● **Task statement**:
Give again, word for word, the lines below that run from the line with "Gas engine with pre-combustion chamber" through the line with "Empty box of safety matches Stock Photo". Drop the pictures.

Data records Block Start

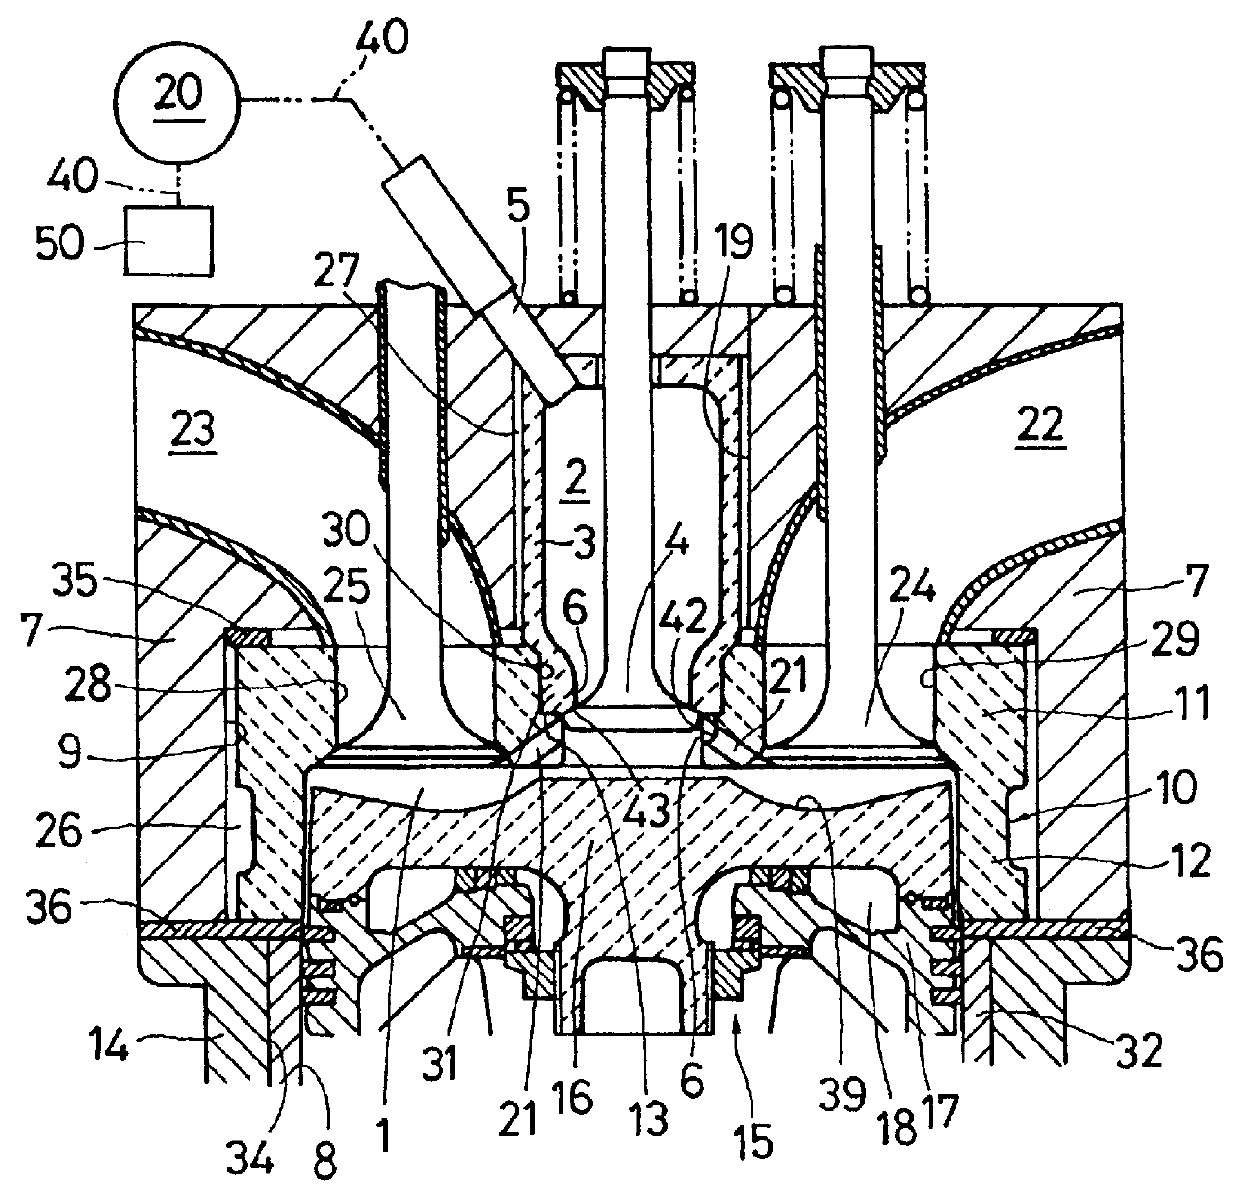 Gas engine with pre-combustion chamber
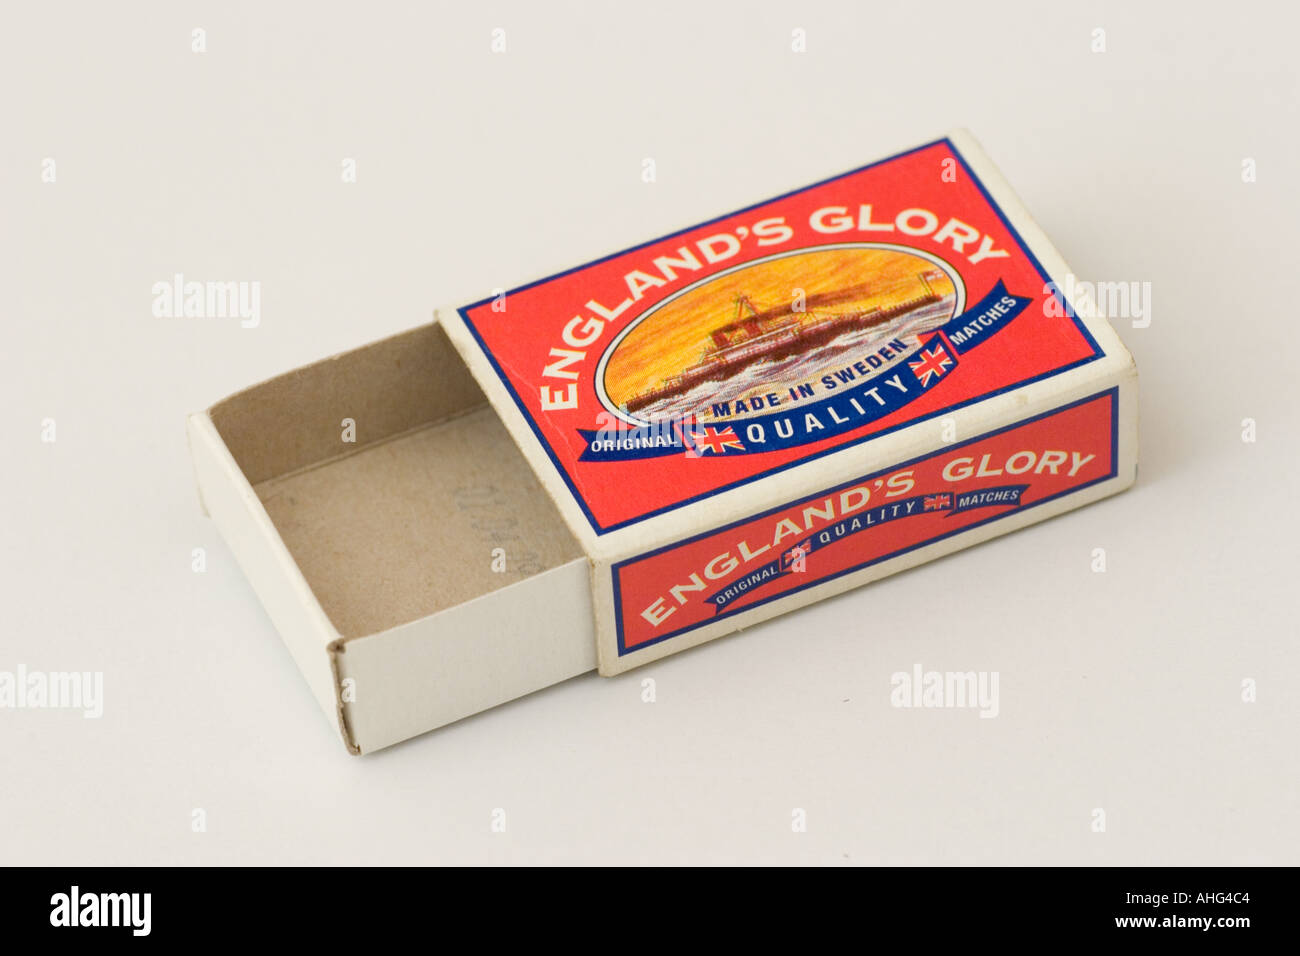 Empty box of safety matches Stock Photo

Data records Block End
Data records Block Start

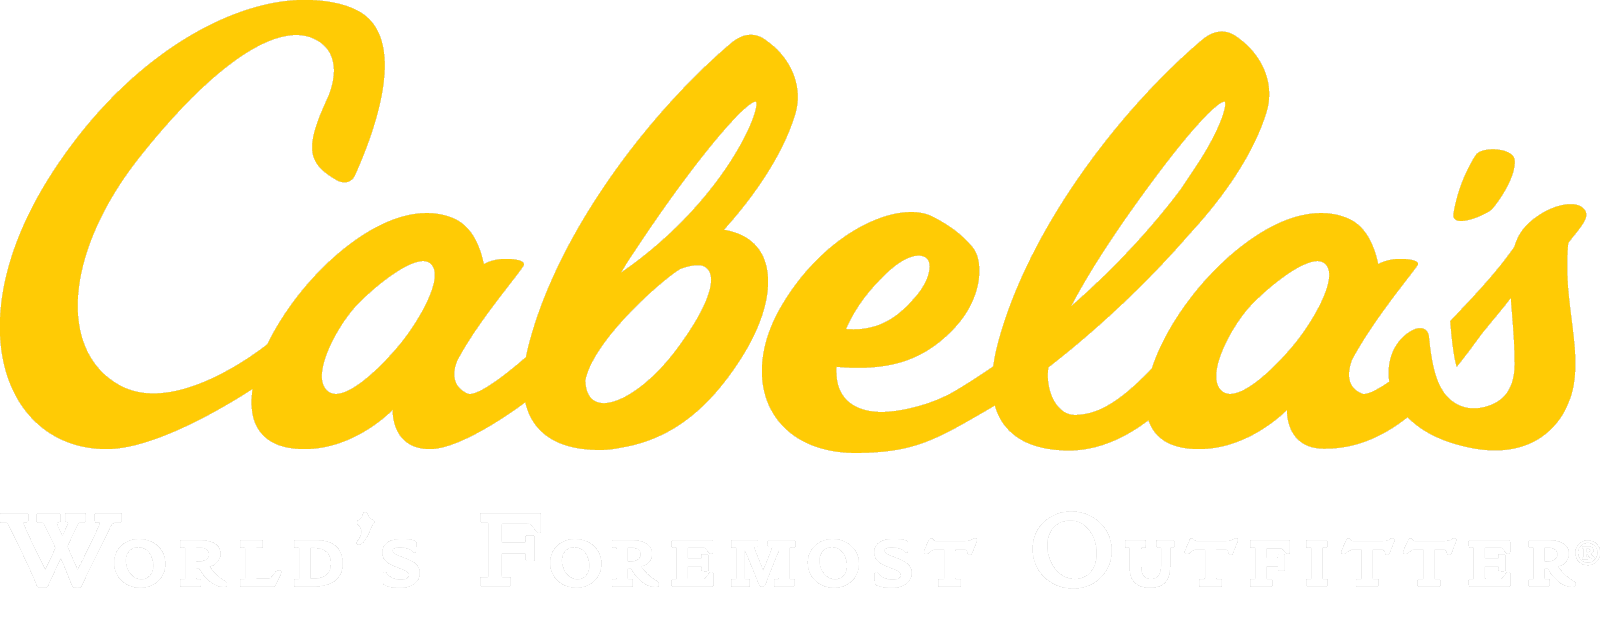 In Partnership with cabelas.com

Data records Block End

● **Written response**:
 Gas engine with pre-combustion chamber
 Empty box of safety matches Stock Photo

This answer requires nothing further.